If you are making an app in PHP, like a WordPress plugin or theme, you may be concerned about someone editing your code to remove all the various license key checks. One easy way around this is to encode that portion of your code and then decode it on the fly. This layer of obfuscation makes it harder for someone to change your code.
To make integrating encoded code easier into your app, we have built a base64 encoder/decoder in the Tools section of the Dashboard.
How To Use The Encoder/Decoder Tool #
Using the encoder and decoder is quite simple. Paste in your raw PHP code into the encoder and it will generate the encoded code below it. You can then paste the encoded code into the decoder to decode the code and look for any errors. If everything looks great, then you’re ready to use it!
Raw PHP:
// DO NOT INCLUDE OPENING OR CLOSING <?PHP ?> TAGS
// Get the current time
$current_time = date('h:i:s a');
// Display Hello World message
echo "<h1>Hello, World!</h1>";
// Display the current time
echo "<p>The current time is $current_time.</p>";
// Display a message
echo "<p>Visit <a href='https://BatchKeys.com'>BatchKeys.com</a> for all your license key needs. Unlock your potential with us!</p>";
Encoded PHP:
Ly8gR2V0IHRoZSBjdXJyZW50IHRpbWUNCiRjdXJyZW50X3RpbWUgPSBkYXRlKCdoOmk6cyBhJyk7DQoNCi8vIERpc3BsYXkgSGVsbG8gV29ybGQgbWVzc2FnZQ0KZWNobyAiPGgxPkhlbGxvLCBXb3JsZCE8L2gxPiI7DQoNCi8vIERpc3BsYXkgdGhlIGN1cnJlbnQgdGltZQ0KZWNobyAiPHA+VGhlIGN1cnJlbnQgdGltZSBpcyAkY3VycmVudF90aW1lLjwvcD4iOw0KDQovLyBEaXNwbGF5IGEgbWVzc2FnZQ0KZWNobyAiPHA+VmlzaXQgPGEgaHJlZj0naHR0cHM6Ly9CYXRjaEtleXMuY29tJz5CYXRjaEtleXMuY29tPC9hPiBmb3IgYWxsIHlvdXIgbGljZW5zZSBrZXkgbmVlZHMuIFVubG9jayB5b3VyIHBvdGVudGlhbCB3aXRoIHVzITwvcD4iOw==Advantages Of Using Our Tool #
While you could encode the code yourself inside your app that still means you have to put the raw PHP code somewhere visible inside the files. By using our tool you never have to put the raw code into your app, which makes it much more secure.
Using The Encoded Code #
In a real world example you could use our tool to encode your license checking code or perhaps the part of your code that confirms the license key has been validated before unlocking the app.

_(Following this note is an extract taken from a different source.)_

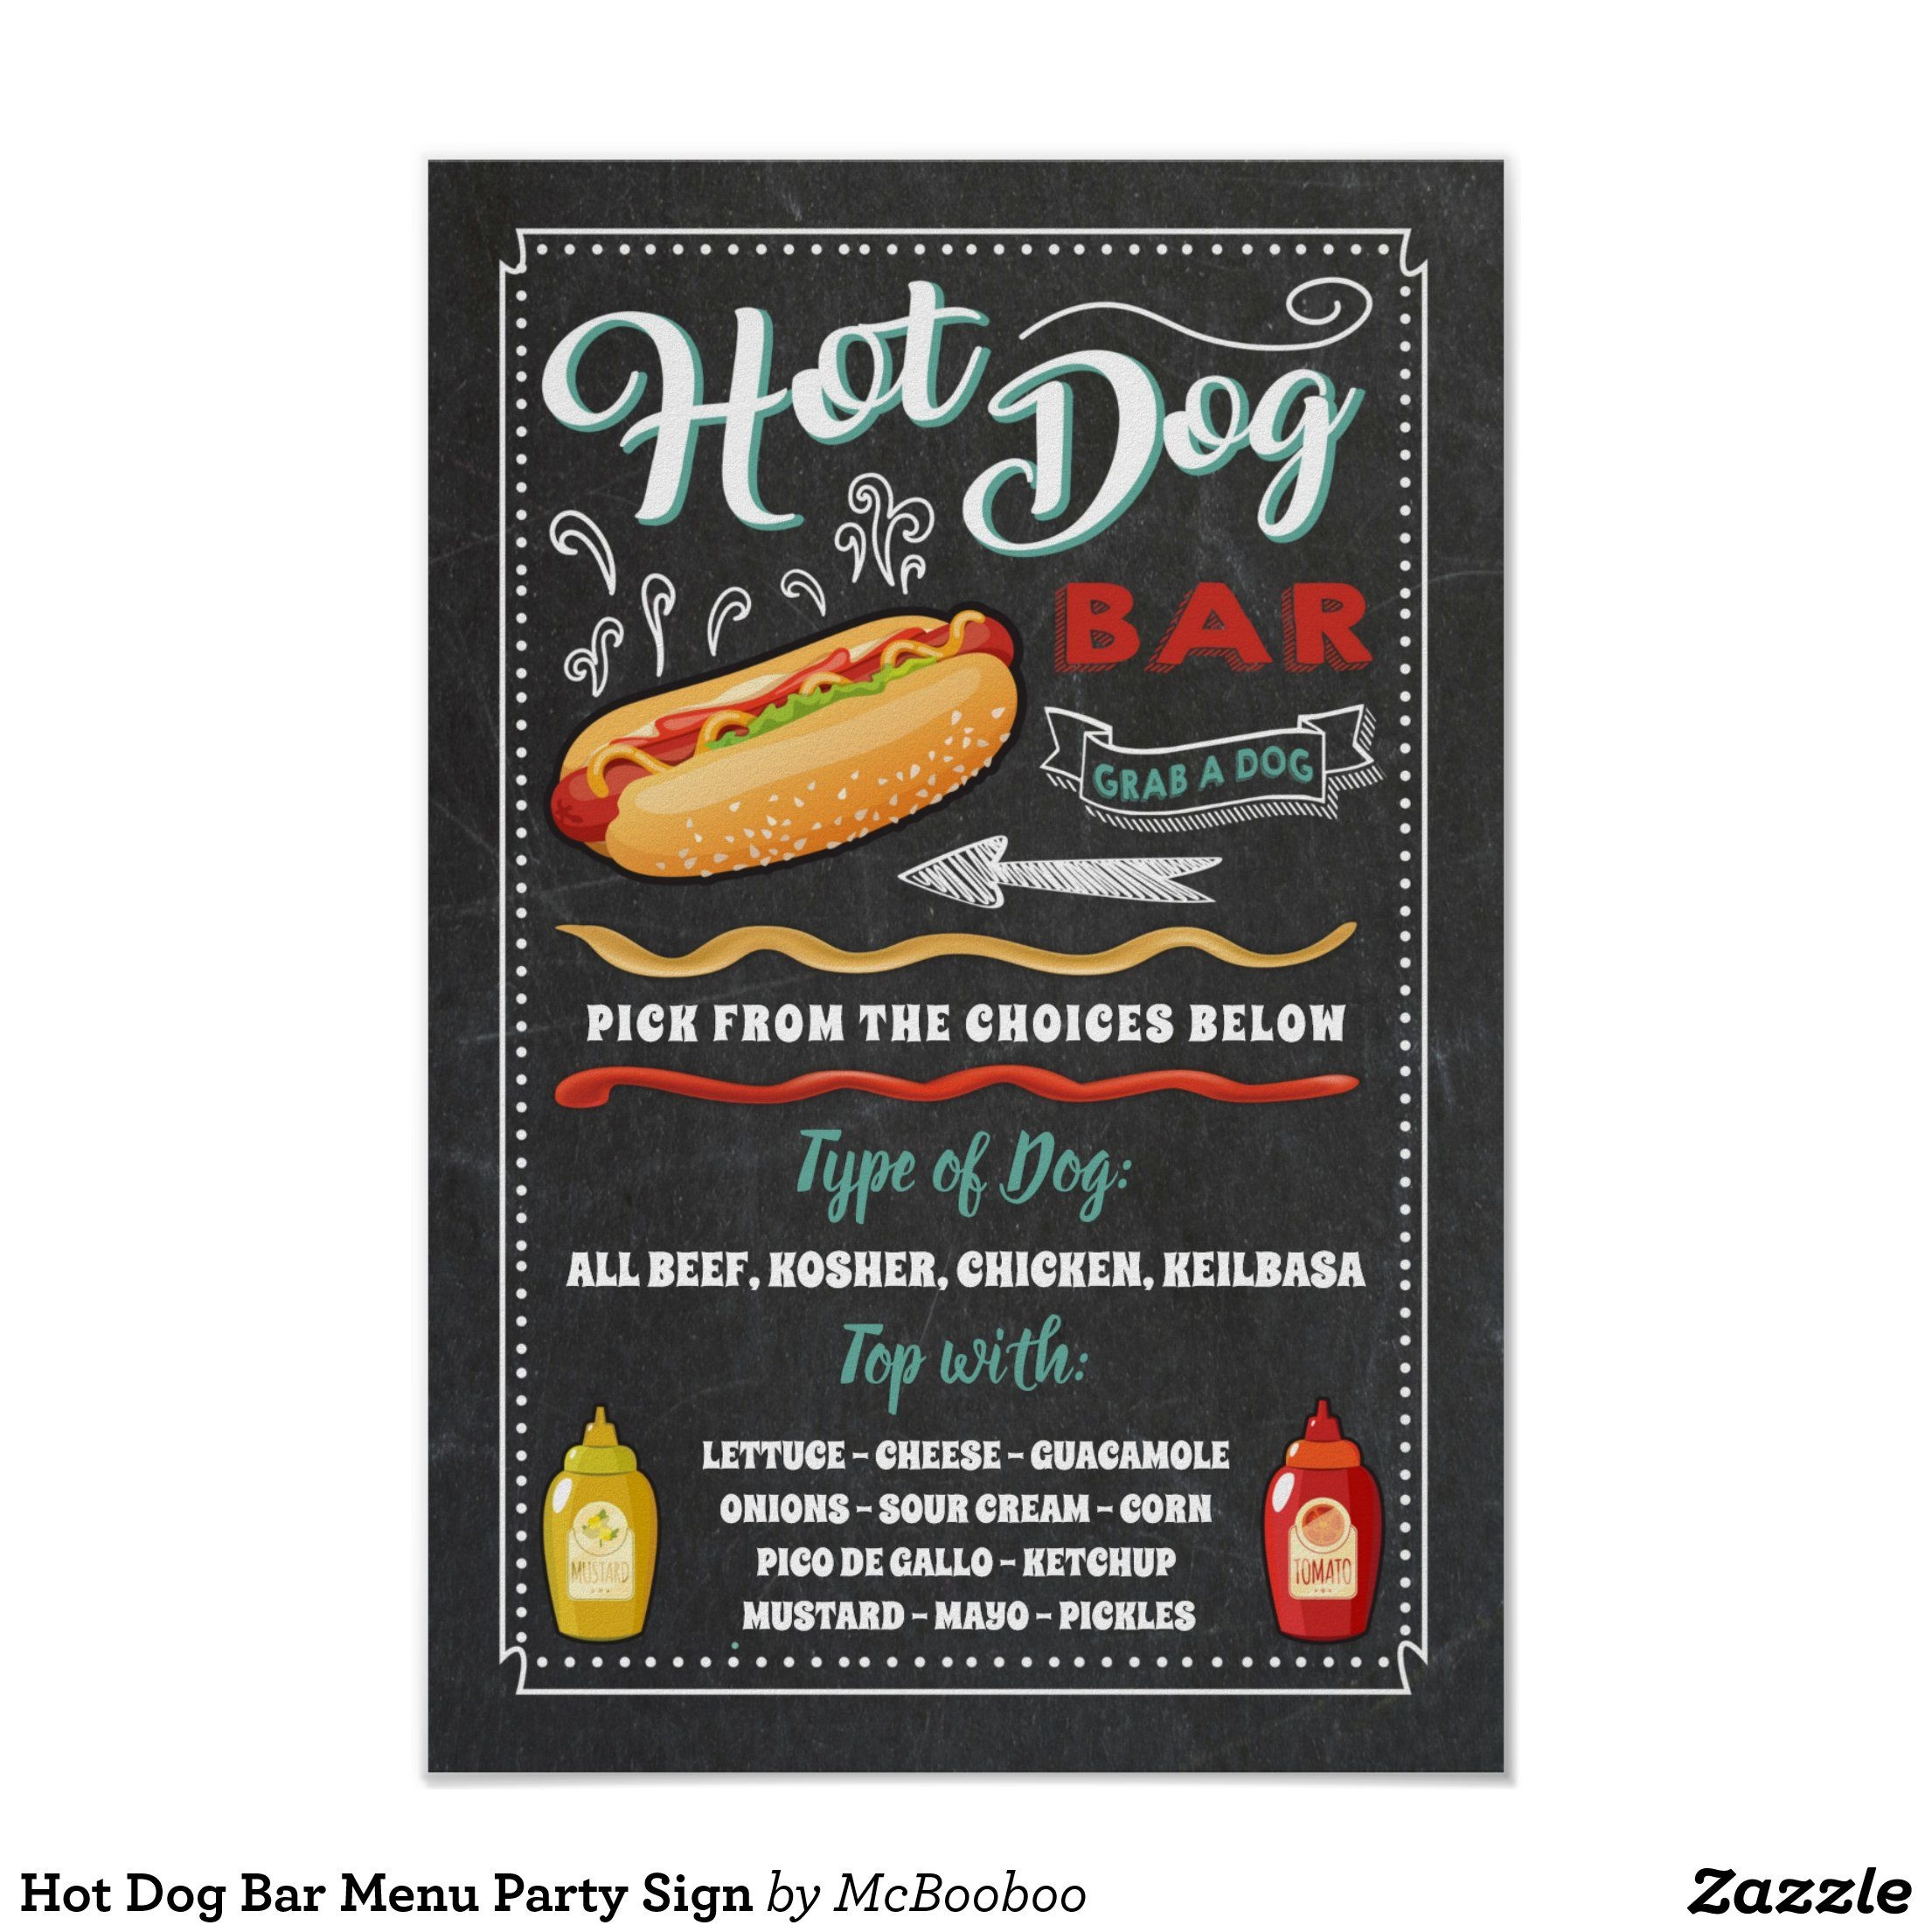 Hot Dog Bar Menu Party Sign Zazzle Hot Dog Bar Hot Dog Bar Menu Hot Dogs

Then, create a new file and call it something vague like enc.php or whatever you like. Be sure to include this file in your app’s files. Inside of enc.php, put the following:
enc.php:
// You should make the variable names and comments vague on purpose
// function to decode the code - be sure to change or remove this comment
function exe_enc() {
$encCd = 'Your Long, Encoded Line of Code Goes Here';
$decCd = base64_decode($encCd);
if (isset($decCd) && is_string($decCd)) {
eval($decCd);
} else {
echo "Error: Failed to run!";
}
}Now, where you would normally call this part of the code, use a require_once to load the file.
// You should make the variable names and comments vague on purpose
// Including the encoded PHP file - be sure to change or remove this comment
require_once 'path/to/enc.php';
// Call the function to execute the decoded and evaluated code - be sure to change or remove this comment
exe_enc();That’s it. You’ve encoded a critical piece of your code, then decoded it and ran it. Congratulations!
Increasing Security #
While this system will likely thwart many malicious users and certainly your average customer, it could be even better. The base64 process isn’t perfect and a user could try to decode it themselves if they know what they are doing. Consider this one more layer of obfuscation to your overall security plan.
The more layers of obfuscation you can add the more secure your code is. To add another layer of security, you could also include other features such as a checksum check of your entire code base or just the encoded code.
A more solid encoding option is commercially available software specifically made for encoding and decoding. Some popular PHP encoding software includes ionCube PHP Encoder, Zend Guard, or SourceGuardian.